# When to renew resident visa - due to expire



## PaulAshton (Nov 18, 2011)

Hi

I have searched everywhere on the internet and used the search function here on the forum however it does not give information when to renew your resident visa.

The visa is due to expire January 10th -

1. Do you go to to get it renewed on the day it expires? ie Jan 10th
2. Do you go before it expires and if so how long before?
3. Do you let it expire and then get it renewed?

Nobody has been forthcoming with the answer here in Egypt either, the only time people are forthcoming is when it involves the word "money" or that they want you to pay them to go with you or to drop you off


----------



## canuck2010 (Jan 13, 2010)

I last got mine renewed about a week before it was to expire. We have someone renew it for us so I have never actually gone down to immigration in person, so I'm not exactly familiar with the particulars, though there is a small 'fee'.


----------



## PaulAshton (Nov 18, 2011)

I shall do it myself

You quickly learn never to rely on an Egyptian for anything and to watch every piastre and observe them when they are in your home as silly things tend to disappear 

I will ensure to have the relevant photocopies, correct change (anything about 50LE and they can't find change that low and behold is kept under the money tray in the till) and any surplus documentation as I am sure where possible they try to make the procedure as protracted, awkward or painful as possible


----------



## Trvls (Oct 8, 2011)

If you do it after it expires, you are in the country illegally for that time period and incur a fine. If you do it on the day, you risk something going wrong on that day and not being able to do it then and it expiring, especially as the building is on Tahrir Square. I don't see why you wouldn't want to get it sorted well in advance. They start the new residence from the when the current one is due to expire.
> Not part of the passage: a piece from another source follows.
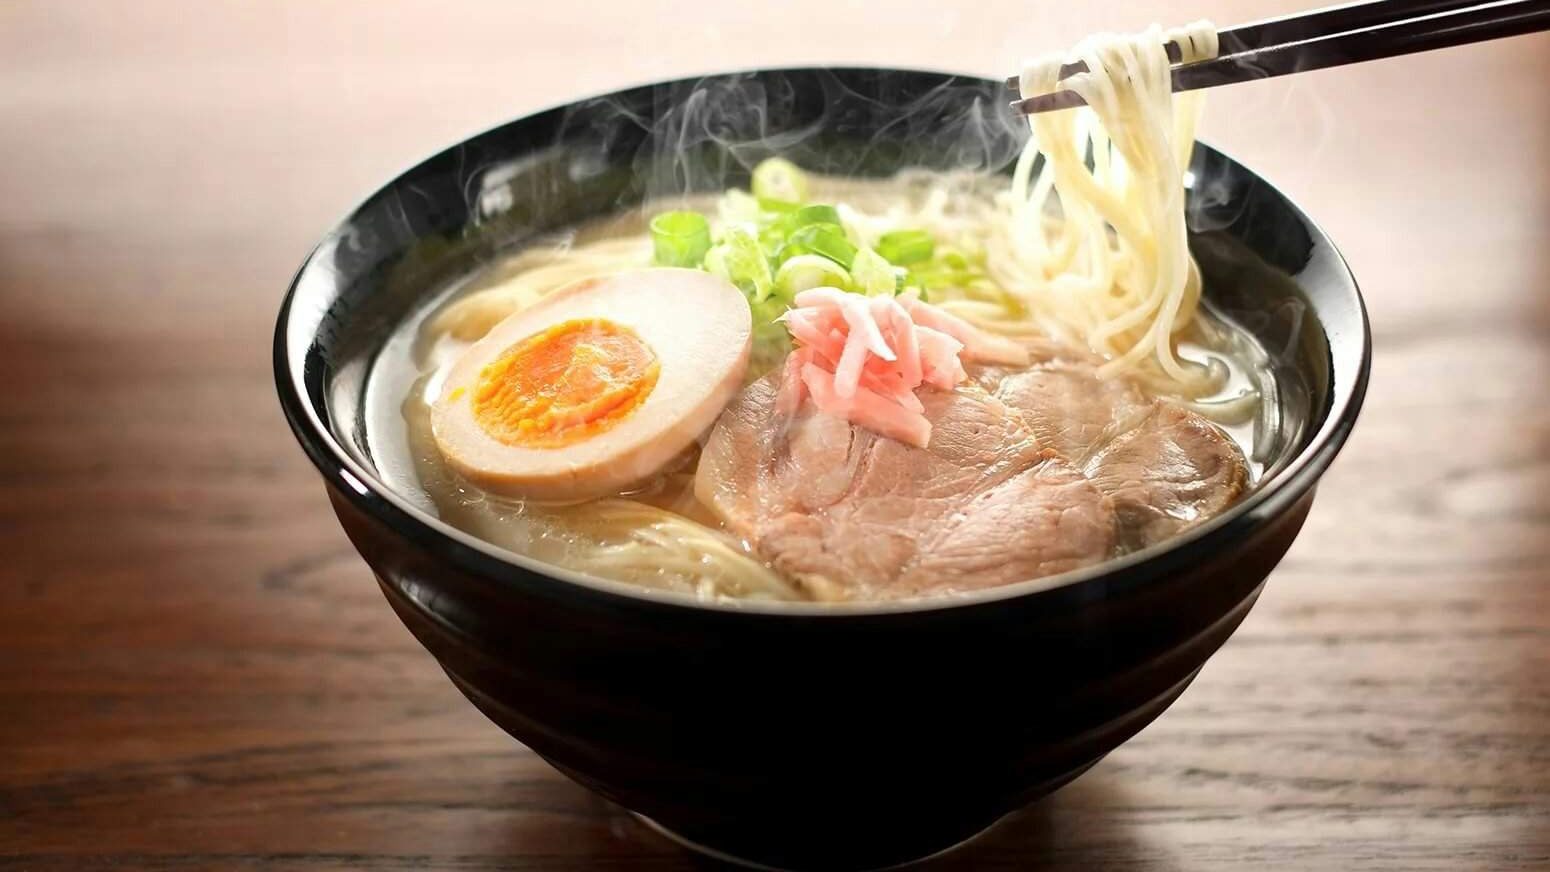 Рамен это горячий суп из пшеничной лапши в ароматном бульоне. Японская национальная кухня разнообразна блюдами.

It's worth doing yourself. It's an interesting building.


----------



## aykalam (Apr 12, 2010)

Trvls said:


> It's an interesting building.


The Mogamma is like something out of a Kafka story


----------



## PaulAshton (Nov 18, 2011)

Trvls said:


> If you do it on the day, you risk something going wrong on that day and not being able to do it then


This is very true, expect the unexpected and take the attitude that people are either sleeping, feasting, recovering from feasting or preparing for feasting or ready to fall asleep then afterwards inspect the visa to ensure its done in a correct manner and make sure just in case I have documents from my property, any savings etc and copies of it even if not required chances are people change the goal posts and change the rules or simple act ignorant on the day shrugging and rolling eyes

Thanks everyone I will go the week before it expires

Hopefully its a case of simply filling in the same forms and waiting patiently

I quickly learned here if you want something done DO IT YOURSELF if someone else touches anything inspect it, if they say they are coming on the afternoon to fix something expect it next day then expect the person to come with the wrong tools, they need to rent some tools for extra money or blow your electric with some faulty tool then hide everything when they are there ohhhhh of course they will ask for MAYA and slurp your last bottles of it and leave food wrappers for you to clean up

Welcom to Egypt


----------



## hurghadapat (Mar 26, 2010)

PaulAshton said:


> This is very true, expect the unexpected and take the attitude that people are either sleeping, feasting, recovering from feasting or preparing for feasting or ready to fall asleep then afterwards inspect the visa to ensure its done in a correct manner and make sure just in case I have documents from my property, any savings etc and copies of it even if not required chances are people change the goal posts and change the rules or simple act ignorant on the day shrugging and rolling eyes
> 
> Thanks everyone I will go the week before it expires
> 
> ...


----------



## Cairo Cathy (Nov 19, 2011)

If it's a 3 or 5 year residency visa then you go one week before and make sure you take proof of 'property registration' as they now require that as evidence.
If you are on a compound most likely you wont be able to register so will not be able to get residency renewed now.
It has to be a 'registered property document with the local authority' your sale contract and court stuff is not going to work this time.


----------



## hhaddad (Apr 14, 2010)

Cairo Cathy said:


> If it's a 3 or 5 year residency visa then you go one week before and make sure you take proof of 'property registration' as they now require that as evidence.
> If you are on a compound most likely you wont be able to register so will not be able to get residency renewed now.
> It has to be a 'registered property document with the local authority' your sale contract and court stuff is not going to work this time.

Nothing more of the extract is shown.